От капитана мысль его перенеслась к толпе зевак, и им овладело какое-то странное чувство ревности. Он вспомнил о том, что и эта толпа, и что все парижские ротозеи видели женщину, которую он любил, в одной сорочке, полуобнаженную. Он ломал себе руки при мысли о том, что эта женщина, которая могла бы доставить ему высшее блаженство, если бы ему только удалось видеть одному в полумраке ее чудные формы, была выставлена на всеобщее позорище, среди бела дня, в полдень, полунагая, раздетая как бы для ночи, полной сладострастия. Он плакал от ярости при мысли обо всех этих прелестях любви, загрязненных, обнаженных, навеки профанированных. Он плакал от ярости при мысли о том, сколько грязных, нечестивых взоров были устремлены на эту полуобнаженную грудь, и что эта прекрасная девушка, эта целомудренная лилия, эта чаша, полная стыдливости и наслаждений, к которой он не посмел бы прикоснуться губами иначе, как с благоговейным восторгом, была превращена в какую-то общественную лоханку, из которой вся парижская чернь, все воры, нищие и холуи собрались пить сообща, с каким-то наглым, бесстыдным удовольствием.
И когда он пытался представить себе все то счастье, которое он мог бы обрести на земле, если б она не была цыганкой, а он бы не был духовным лицом, если бы не существовало на свете Феба и если б она полюбила его, – когда он представлял себе, что и для него была бы возможна жизнь, полная счастья и любви, что и теперь на различных пунктах земли встречаются счастливые парочки, коротающие часы в сладких беседах под померанцевыми деревьями, на берегу ручья, под звездным небом или освещаемые лучами заходящего солнца, и что если бы на то Божья воля, и он мог бы составить вместе с нею такую счастливую парочку, – тогда сердце его переполнилось чувствами нежности и отчаяния.
Да, он только и думал что о ней! Мысль о ней не покидала его, не переставала его мучить, сосала его сердце и раздирала ему внутренности. Он не чувствовал ни сожаления, ни раскаяния. Он готов был еще Раз сделать то, что он сделал. Он предпочитал видеть ее в руках палача, чем в объятиях капитана, – но он страдал, он страдал так сильно, что по временам вырывал у себя клоки волос для того, чтобы посмотреть, не поседел ли он.

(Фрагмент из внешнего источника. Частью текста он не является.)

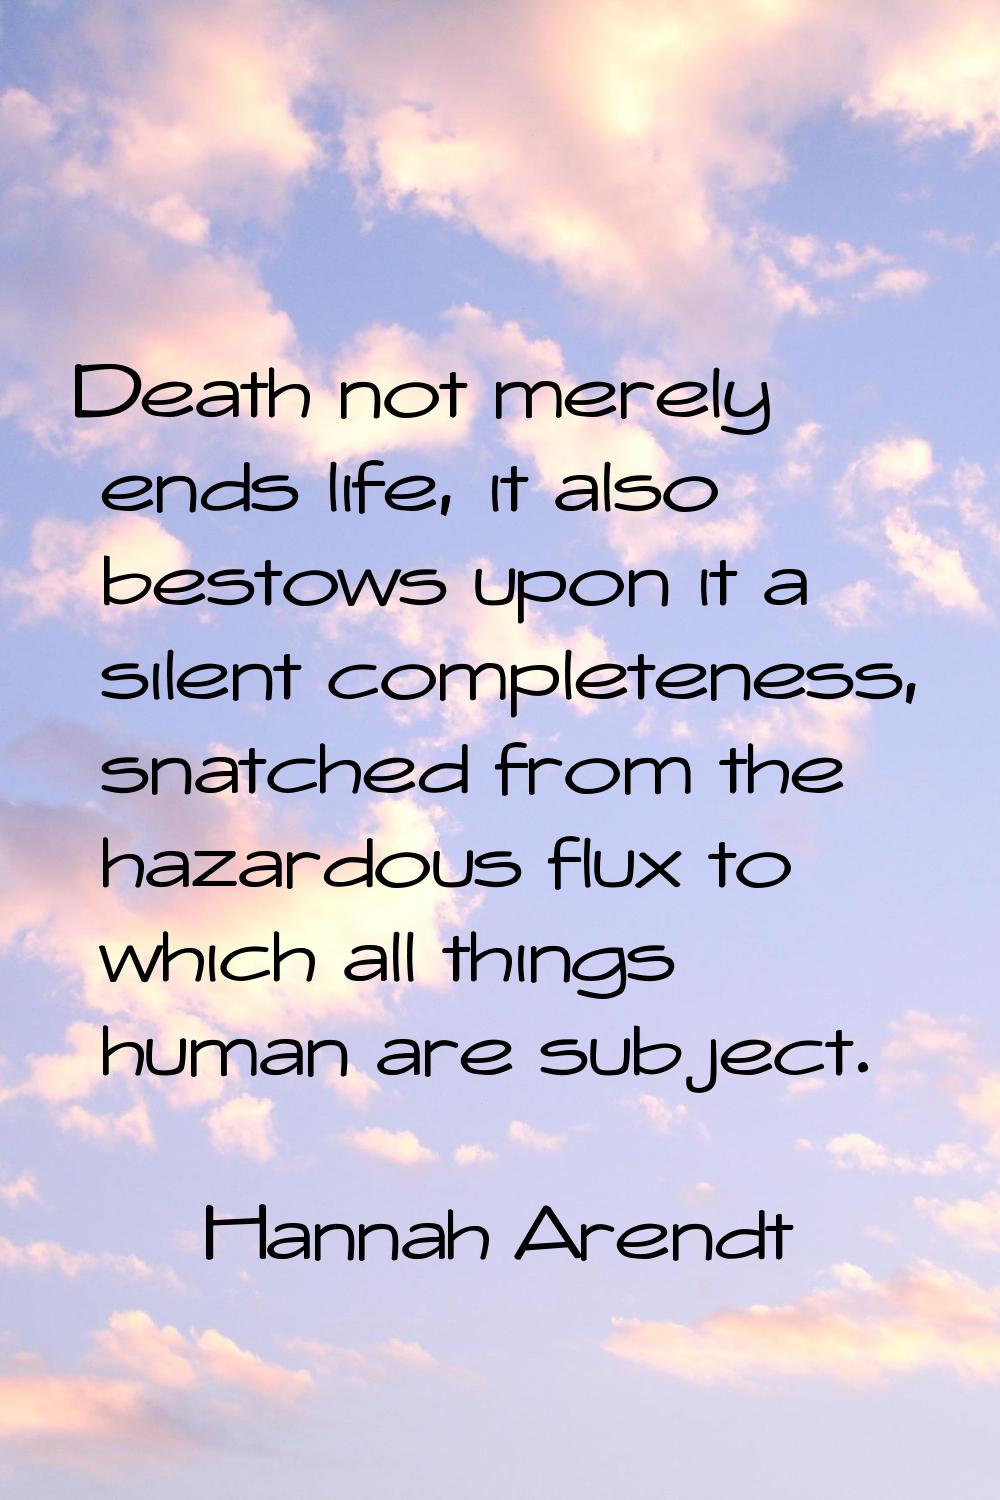 Death not merely ends life, it also bestows upon it a silent completeness, snatched from the hazard
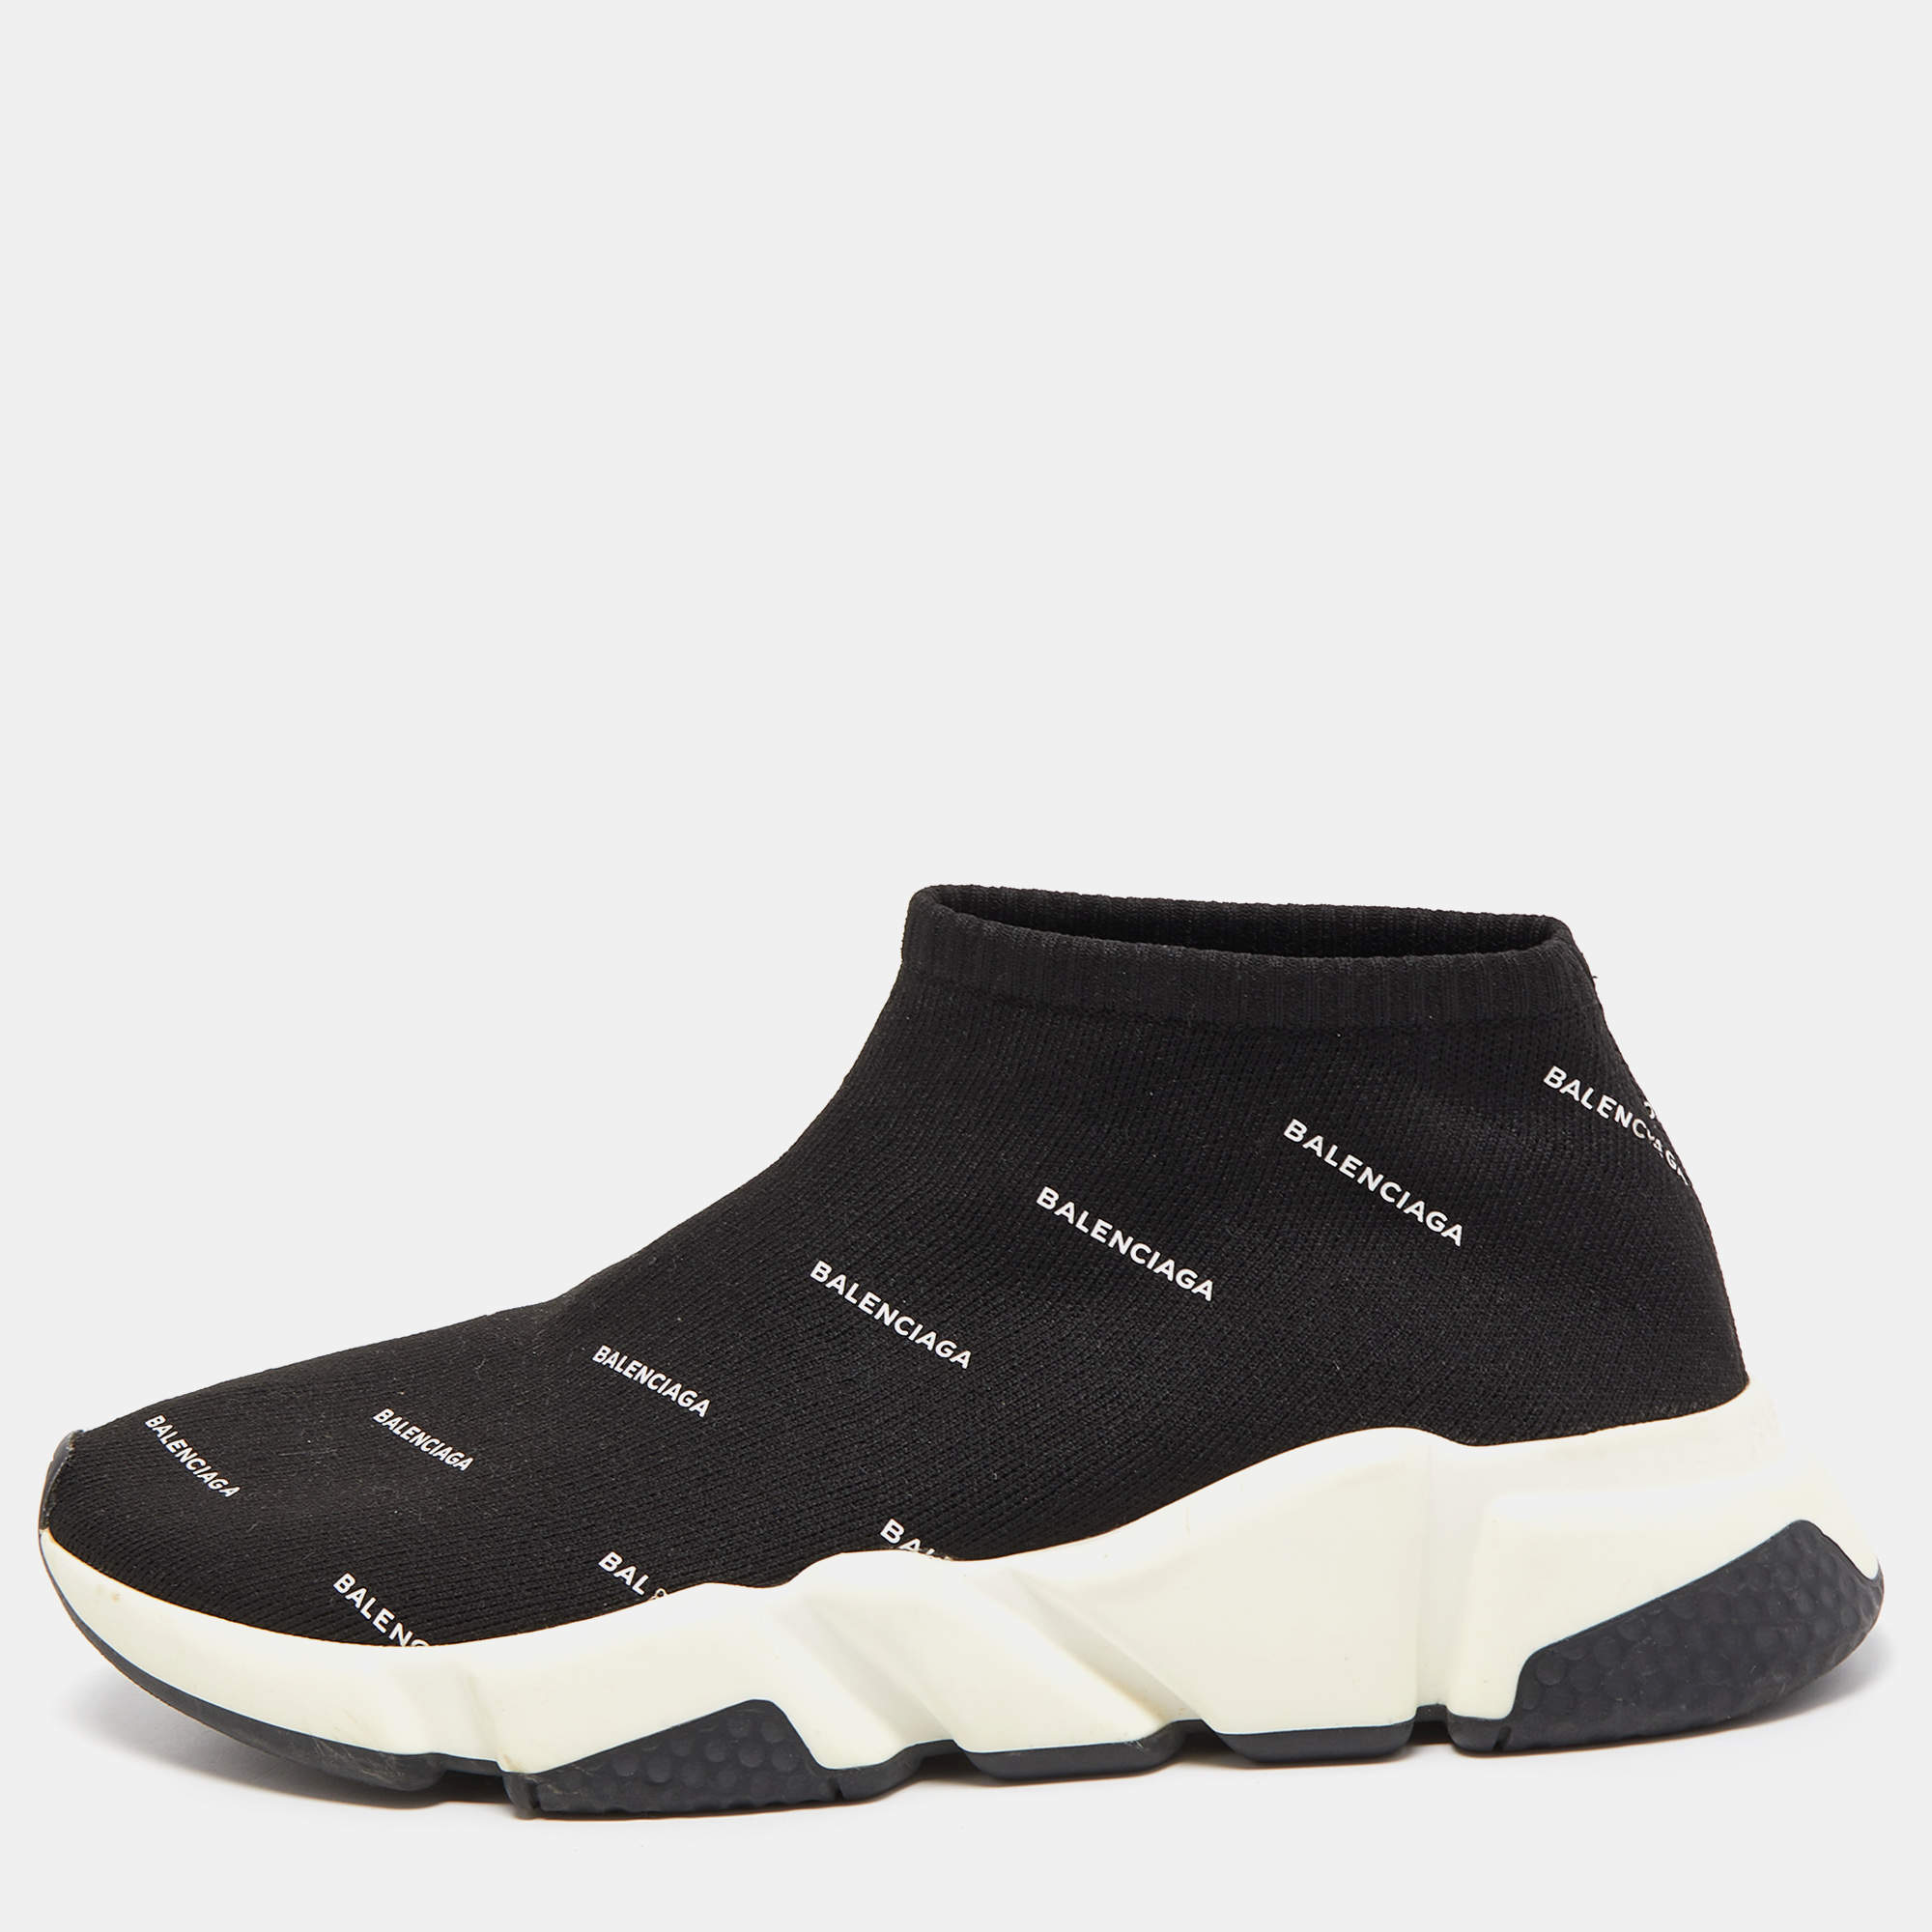 BALENCIAGA Speed Stretchknit Mid 477289w05g01004 Unisex Basketball Shoes  For Men  Buy BALENCIAGA Speed Stretchknit Mid 477289w05g01004 Unisex Basketball  Shoes For Men Online at Best Price  Shop Online for Footwears in

То ему представлялось, что, быть может, в эту самую минуту безобразная веревка, которую он видел на ней в это самое утро, стягивалась вокруг ее нежной и красивой шеи ужасной петлей, – и при этой мысли из всех пор его тела выступал холодный пот. То опять, демонически смеясь сам над собою, он представлял себе одновременно ту Эсмеральду, которую он увидел впервые, живую, беззаботную, веселую, нарядную, пляшущую, воздушную, поющую, – и ту Эсмеральду, которую он видел только что перед этим, медленно поднимающуюся своими босыми ногами, с петлей на шее, по лестнице, ведущей к виселице. Эта двойная картина так живо представилась воображению его, что он испустил ужасный, нечеловеческий крик.
И в то самое время, когда этот ураган отчаяния бушевал в его душе, все переворачивая и вырывая все с корнем, он смотрел на природу вокруг себя. У самых его ног несколько кур рылись в кустарнике и клевали червей, изумрудно зеленые жуки летали по воздуху, купаясь в солнечных лучах, над его головою неслись по синему небу группы перистых, светло-серых облаков, на дальнем горизонте шпиц аббатства Сен-Виктор выглядывал из-за вершины холма своим шиферным обелиском, а мельник на холме Каппо, посвистывая, смотрел, как вертелись крылья его ветряной мельницы. Ему стало больно при виде всей этой кишевшей вокруг него в тысячи самых разнообразных форм деятельной, спокойной, правильно организованной жизни, и он снова пустился бежать.